On Fri, 2 Jul 2021 at 22:55, Dean Rasheed <dean.a.rasheed@gmail.com> wrote:

Here's an update with the
last set of changes discussed.

Looks good to me.

Just the question of if we have any problems changing the serialized
format in the back branches. I'm not sure if that's something we've
done before. I only had a quick look of git blame in the
serial/deserial functions and the only changes I really see apart from
a few cosmetic ones were a57d312a7 and 9cca11c91. Both of which just
went into master.

David

#13Ranier Vilela
ranier.vf@gmail.com
In reply to: David Rowley (#12)
Re: Numeric multiplication overflow errors

On Fri, 2 Jul 2021 at 22:55, Dean Rasheed
<dean(dot)a(dot)rasheed(at)gmail(dot)com> wrote:

Here's an update with the
last set of changes discussed.

If you allow me a small suggestion.
Move the initializations of the variable tmp_var to after check if the
function can run.
Saves some cycles, when not running.

/* Ensure we disallow calling when not in aggregate context */
if (!AggCheckCallContext(fcinfo, NULL))
elog(ERROR, "aggregate function called in non-aggregate context");

+ init_var(&tmp_var);
+

regards,
Ranier Vilela

#14Dean Rasheed
dean.a.rasheed@gmail.com
In reply to: David Rowley (#12)
Re: Numeric multiplication overflow errors

On Fri, 2 Jul 2021 at 12:56, David Rowley <dgrowleyml@gmail.com> wrote:

On Fri, 2 Jul 2021 at 22:55, Dean Rasheed <dean.a.rasheed@gmail.com> wrote:

Here's an update with the
last set of changes discussed.

Looks good to me.

Thanks for the review and testing!

Just the question of if we have any problems changing the serialized
format in the back branches.

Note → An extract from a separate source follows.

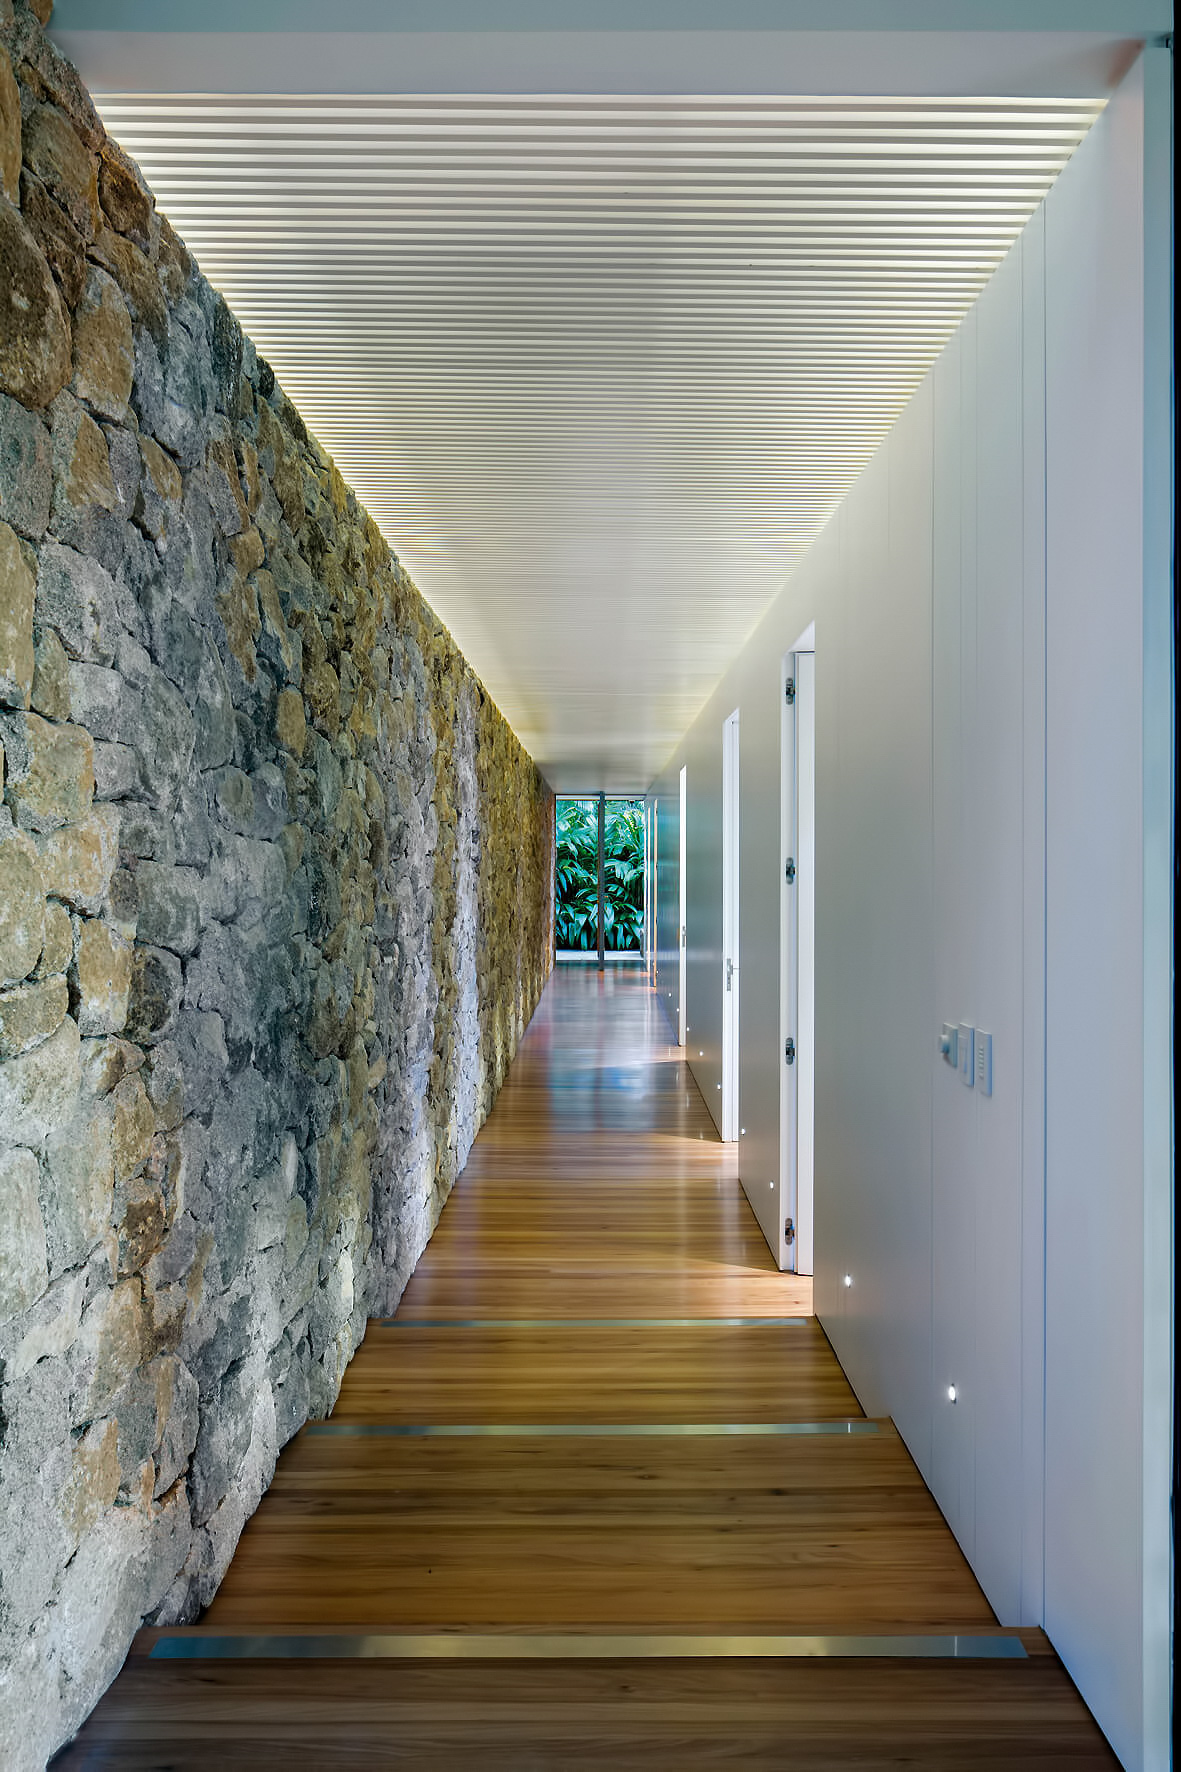 Casa Delta Luxury Residence - Guarujá, São Paulo, Brazil
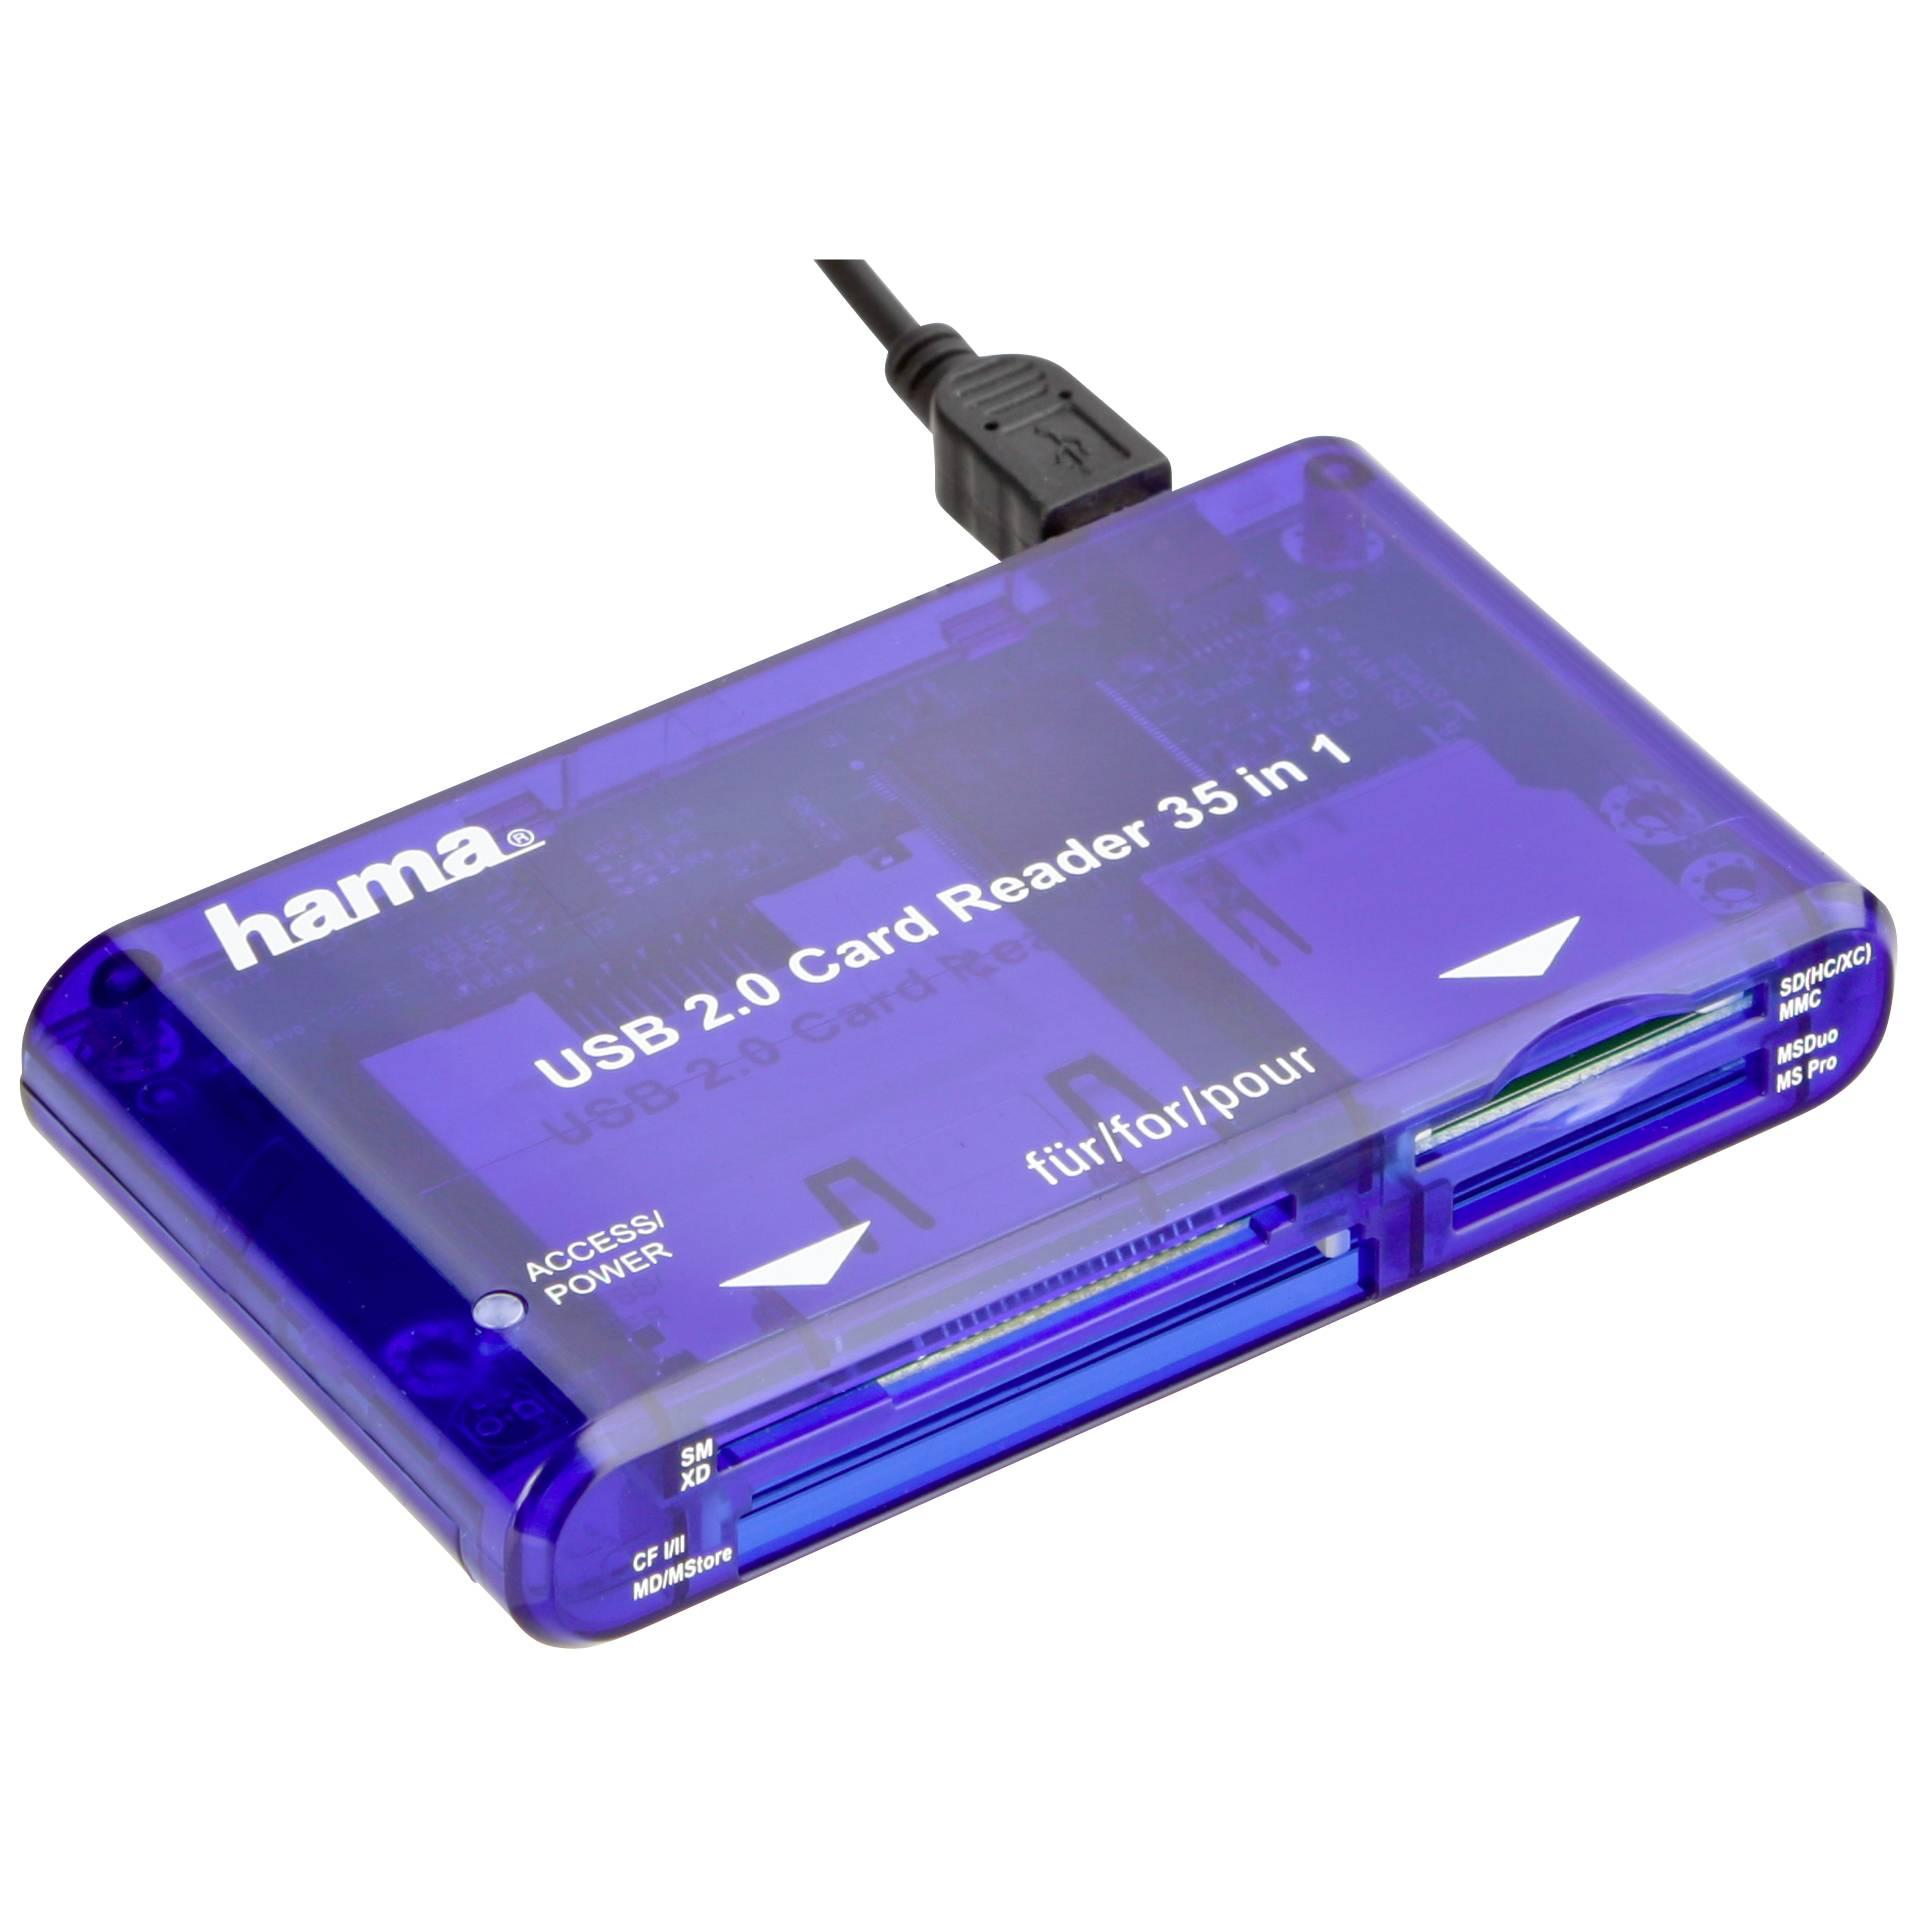 Hama USB 2.0 Multi-Kartenleser 35 in  1, blau             55348

I'm not sure if that's something we've
done before. I only had a quick look of git blame in the
serial/deserial functions and the only changes I really see apart from
a few cosmetic ones were a57d312a7 and 9cca11c91. Both of which just
went into master.

Thinking about this more, I think it's best not to risk back-patching.
It *might* be safe, but it's difficult to really be sure of that. The
bug itself is pretty unlikely to ever happen in practice, hence the
lack of prior complaints, and in fact I only found it by an
examination of the code. So it doesn't seem to be worth the risk.

OTOH, the original bug, with numeric *, is one I have hit in practice,
and the fix is trivial and low risk, so I would like to backpatch that
fix.

Regards,
Dean

#15David Rowley
dgrowleyml@gmail.com
In reply to: Dean Rasheed (#14)
Re: Numeric multiplication overflow errors

On Sat, 3 Jul 2021 at 11:04, Dean Rasheed <dean.a.rasheed@gmail.com> wrote:

Thinking about this more, I think it's best not to risk back-patching.
It *might* be safe, but it's difficult to really be sure of that. The
bug itself is pretty unlikely to ever happen in practice, hence the
lack of prior complaints, and in fact I only found it by an
examination of the code. So it doesn't seem to be worth the risk.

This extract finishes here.